The following are excerpts from Professor Wiesel’s remarks at the inauguration of the Video Archive at the Yale Library in November 1982.
“Future generations will be in your debt. No person in the world is as capable of gratitude as a survivor is, for we know that is by sheer luck that any of us is here. We could have been elsewhere. Nobody did anything to survive. We could have been among those who went just ten minutes before us. We didn’t do anything then. But then we tried to do whatever we can to justify our being here. We believe that every moment is a moment of grace and therefore every word must be an offering, and therefore every story must contain a secret which we try to share with as many of you, with all of you, as possible… a story of anguish, humiliation, and death. We still ask ourselves whenever we meet, whether in words or in silence, why? Why Majdanek, and why Belsen, and why Treblinka? Why? ... our duty has not been to understand, simply to remember. …Whenever survivors were asked for so many years to tell the story, every one of them would say only one sentence: “You won’t understand. You won’t understand.” …We want so much to try and give you what we feel is the essential part of our being, a fragment of a fire that will prevent the world from knowing another fire."
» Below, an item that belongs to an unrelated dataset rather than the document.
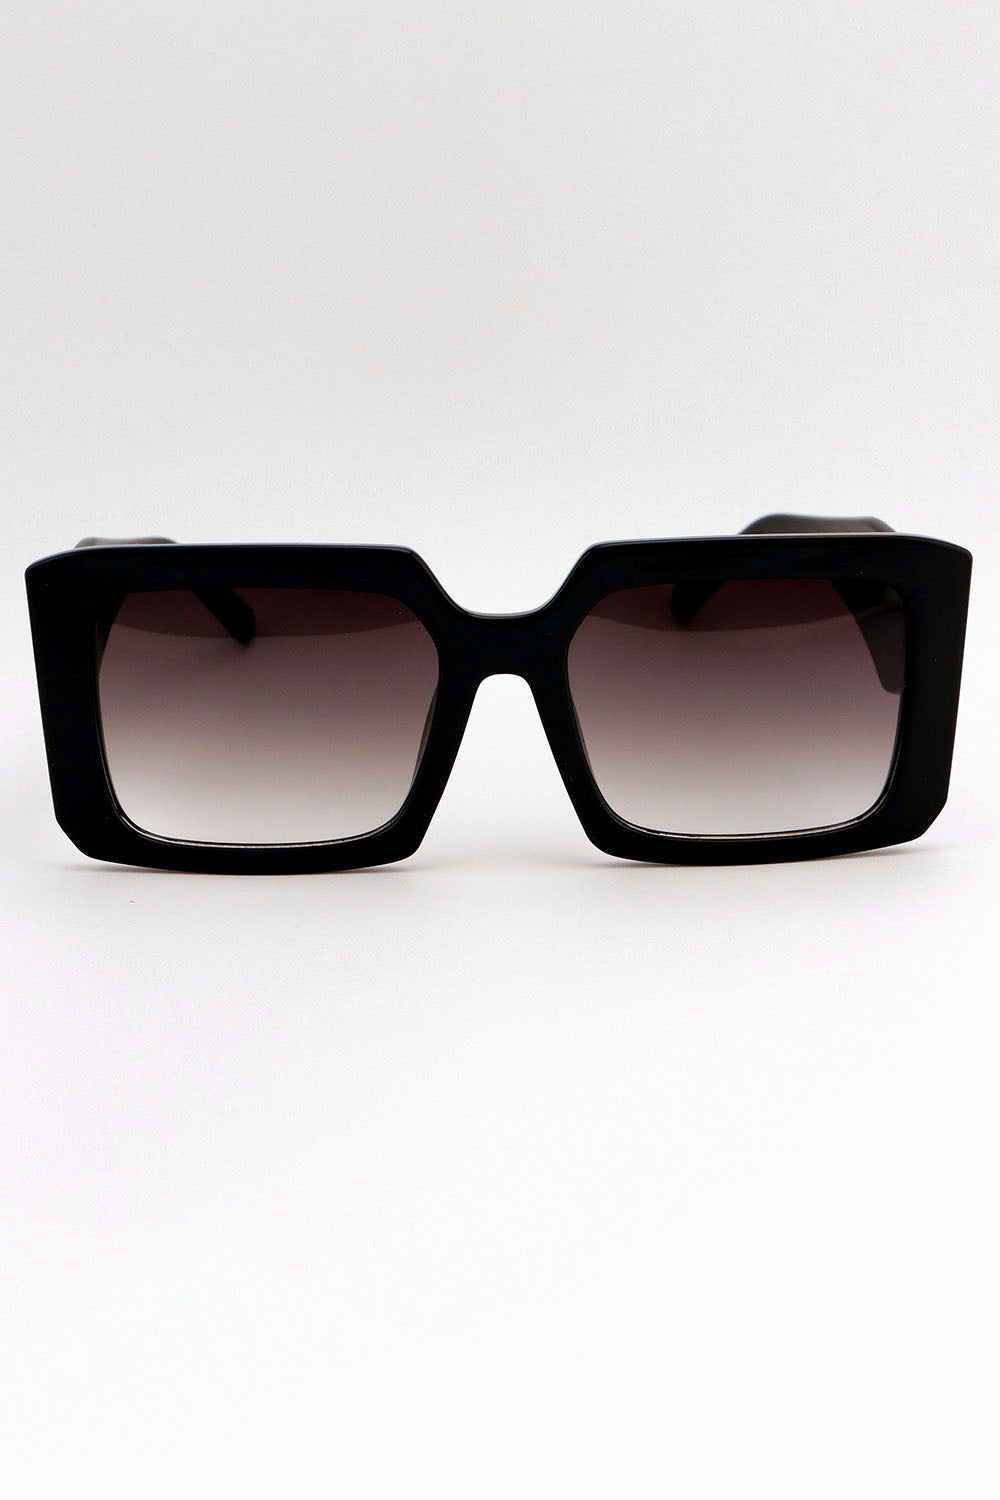 vintage goth sunglasses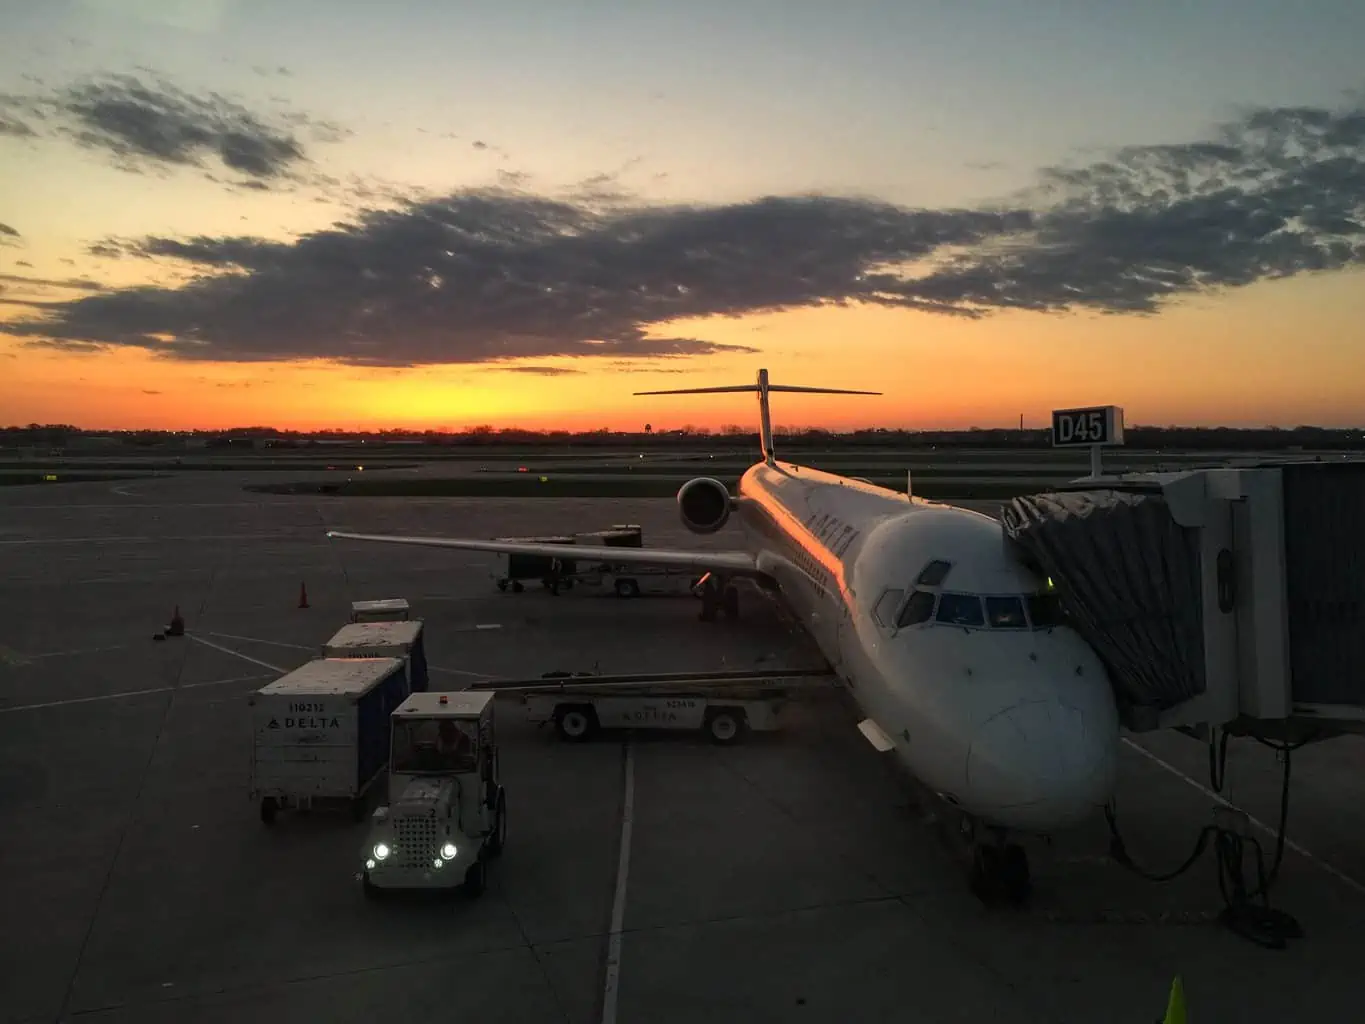 Airplane Sunrise

A New York Times article (October 13, 1982, Section B, page 1) notes:
This fall, the 54-year-old Mr. Wiesel is Yale's first Henry Luce Visiting Scholar in the Humanities and Social Thought. As such, he teaches a course for undergraduates, entitled ''Literature and Memory,'' and leads a seminar for the faculty, entitled ''Attitudes Toward Suffering.''
350 students enrolled in the class, and reluctantly, Wiesel accepted them all based on cards they wrote about why they wanted to study with him.
At first reticent, his pupils have begun to offer questions; they are not easy questions. One young man asked, ''Is God unjust for punishing children for the sins of the father?''
''This is a basic question of religious philosophy,'' Mr. Wiesel responded. ''And there are so many questions, I wish even one of them could be answered.''
One more question remained on this day, and this Mr. Wiesel tried to answer by reaching into the words of the ages. He had been talking of a phrase in Jeremiah he never had understood, about the ground quaking. Only when a survivor of the Babi Yar massacre of 100,000 Jews told him how the land shook for two months after the mass burials did the words make sense, he said.
Elie Wiesel spoke at several subsequent Fortunoff Archive conferences and events and was the Chubb Fellow lecturer at Yale in December 2006. It is especially appropriate to remember Professor Elie Wiesel in May, Jewish American Heritage Month. He contributed to the education of so many through his writing, his speaking, and his teaching, at Boston University, Yale, and many other places. Many survivors had their testimonies recorded due to his support of the Fortunoff Video Archive. May his memory be for a blessing.